Give an unaltered copy of the listing below, minus its pictures.

** Data extract follows **

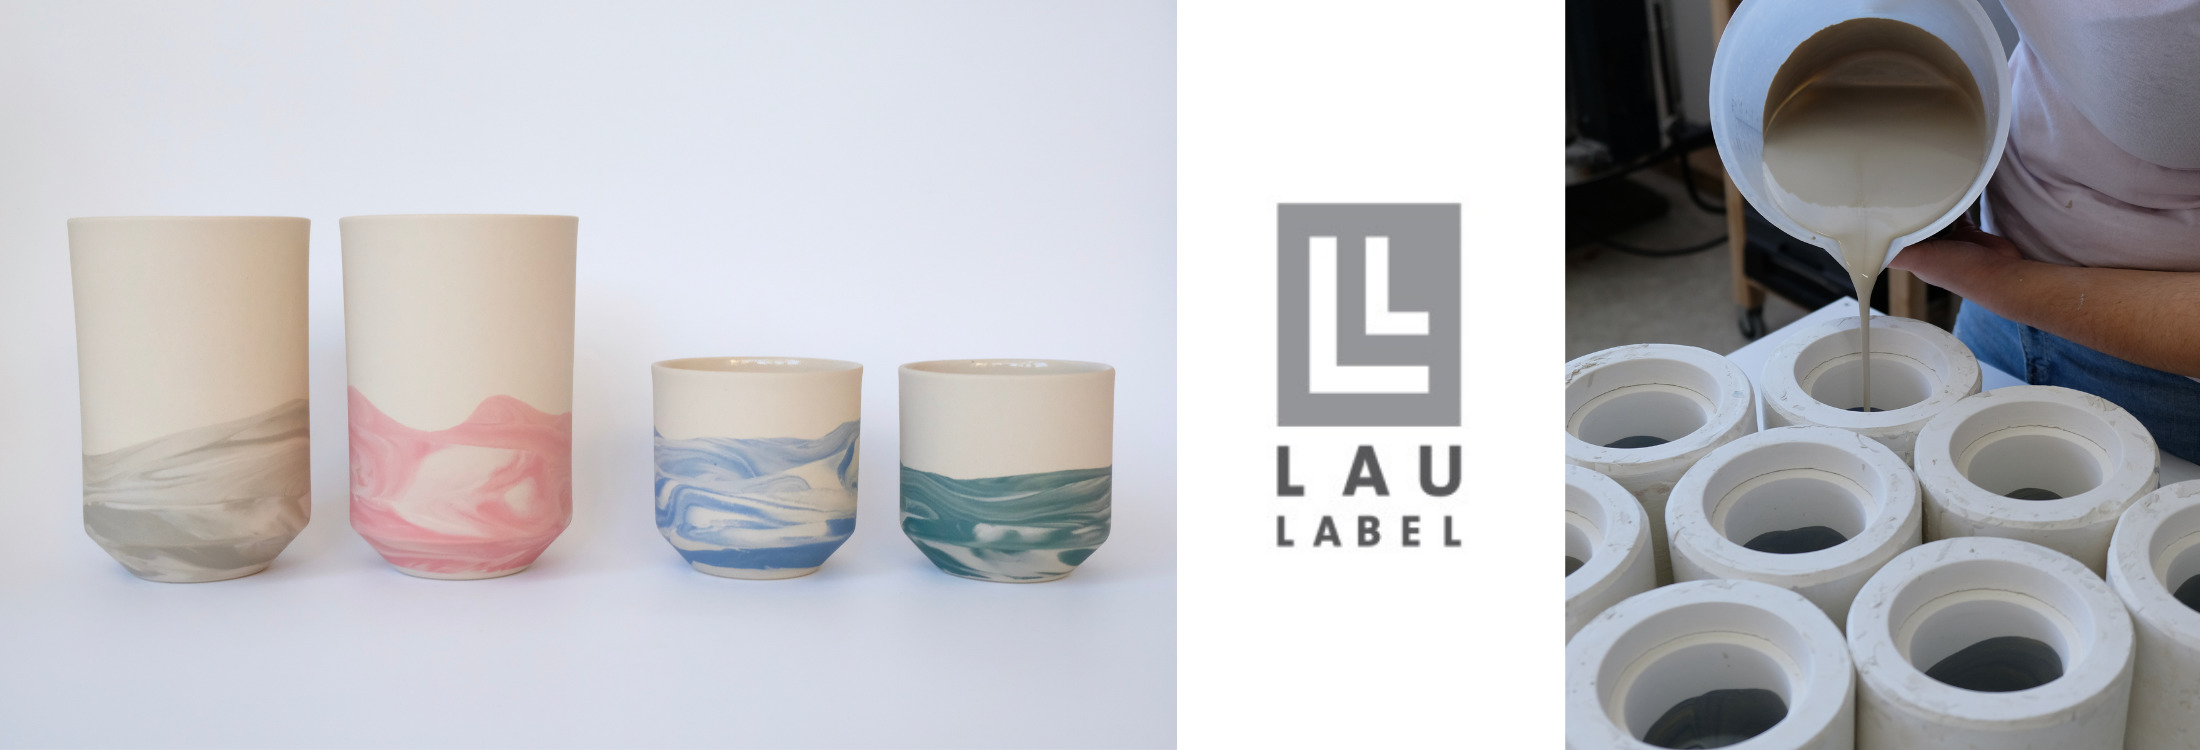 LauLabel
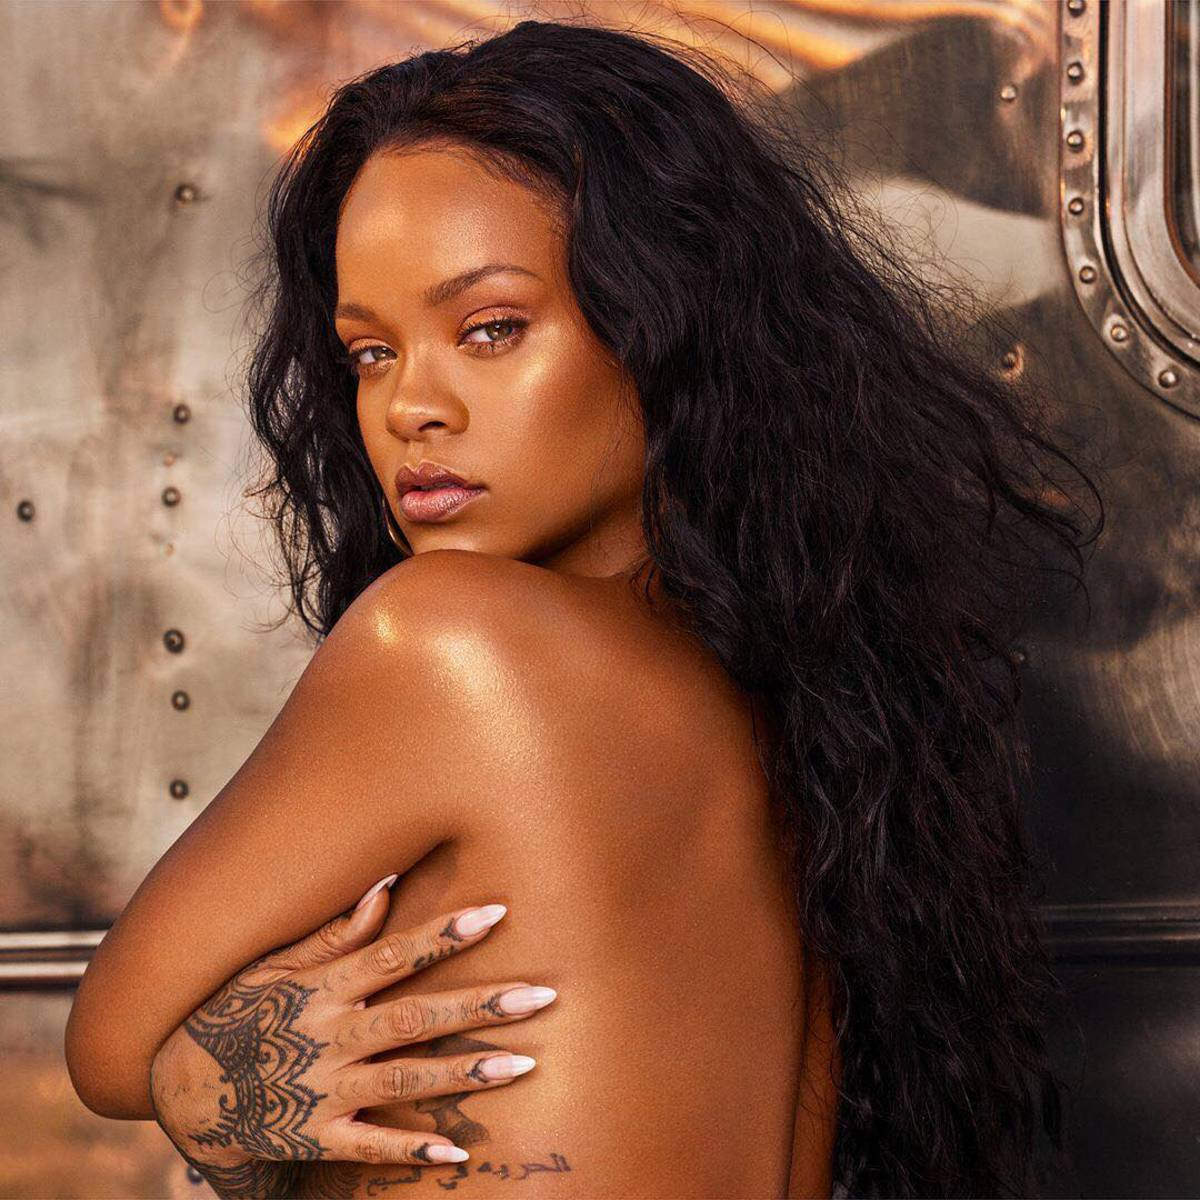 #RihannaChallenge rihanna
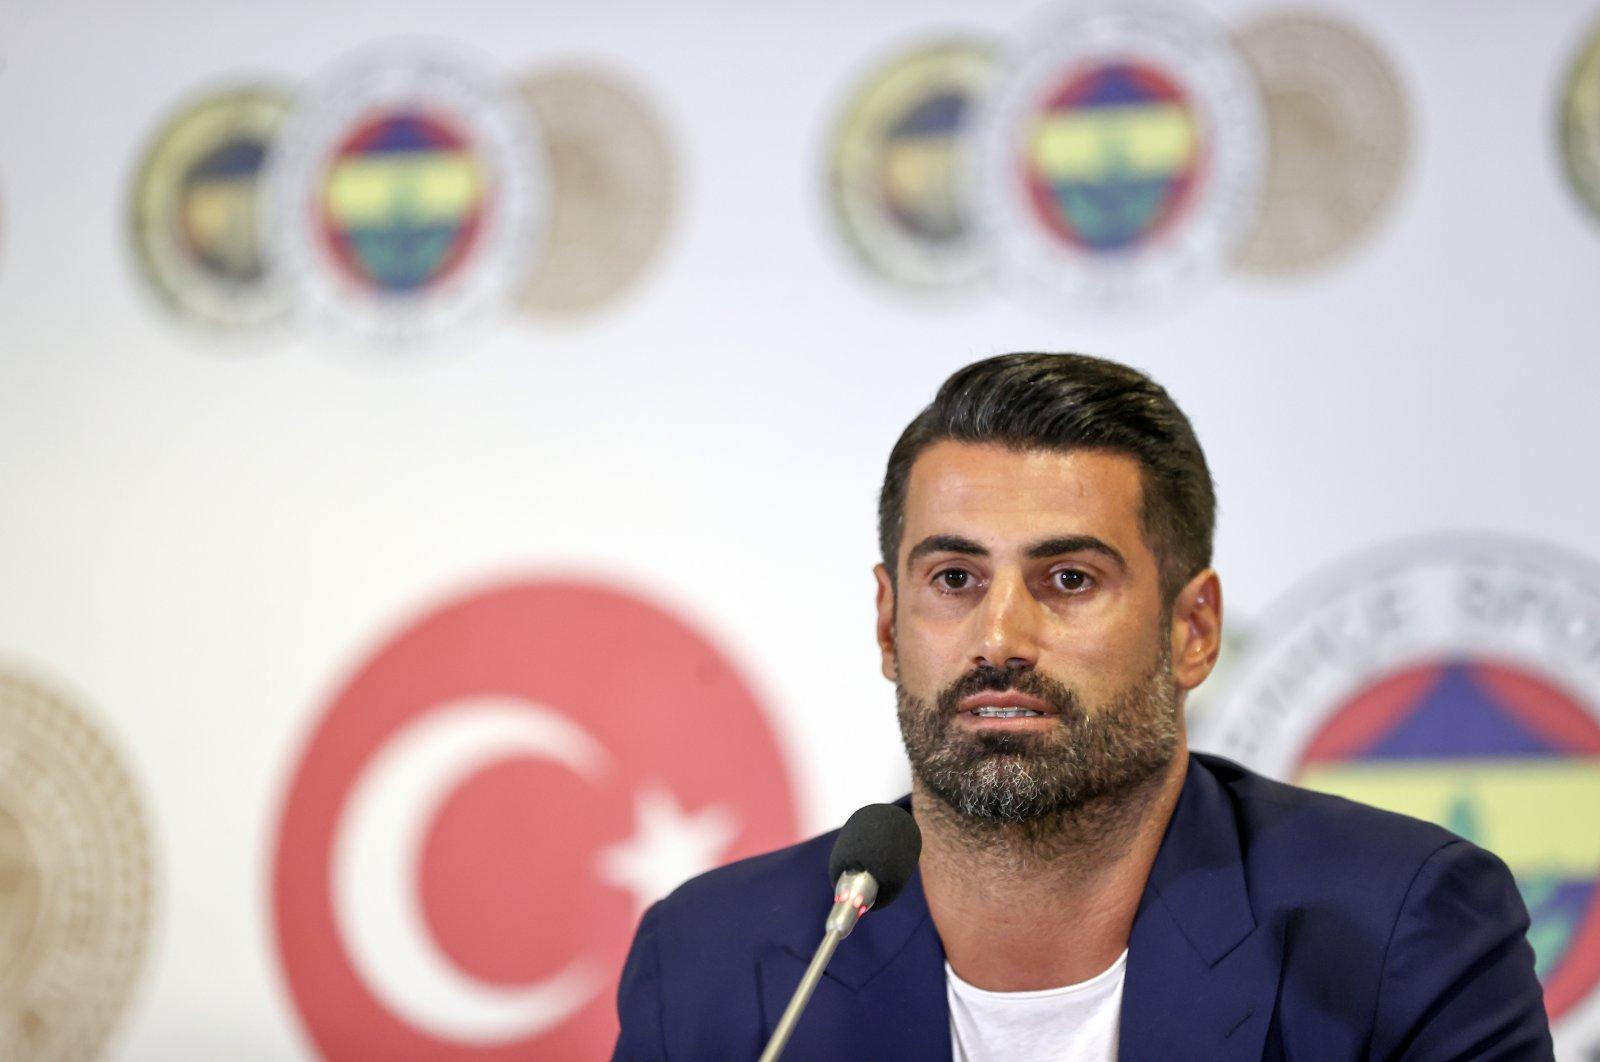 Longtime Fenerbahçe goalkeeper-turned assistant coach Volkan Demirel attends a press conference at Ülker Stadium, Istanbul, Turkey, July 14, 2021. (AA Photo)

** End of Data extract **

Answer for the task:
 LauLabel
 #RihannaChallenge rihanna
 Longtime Fenerbahçe goalkeeper-turned assistant coach Volkan Demirel attends a press conference at Ülker Stadium, Istanbul, Turkey, July 14, 2021. (AA Photo)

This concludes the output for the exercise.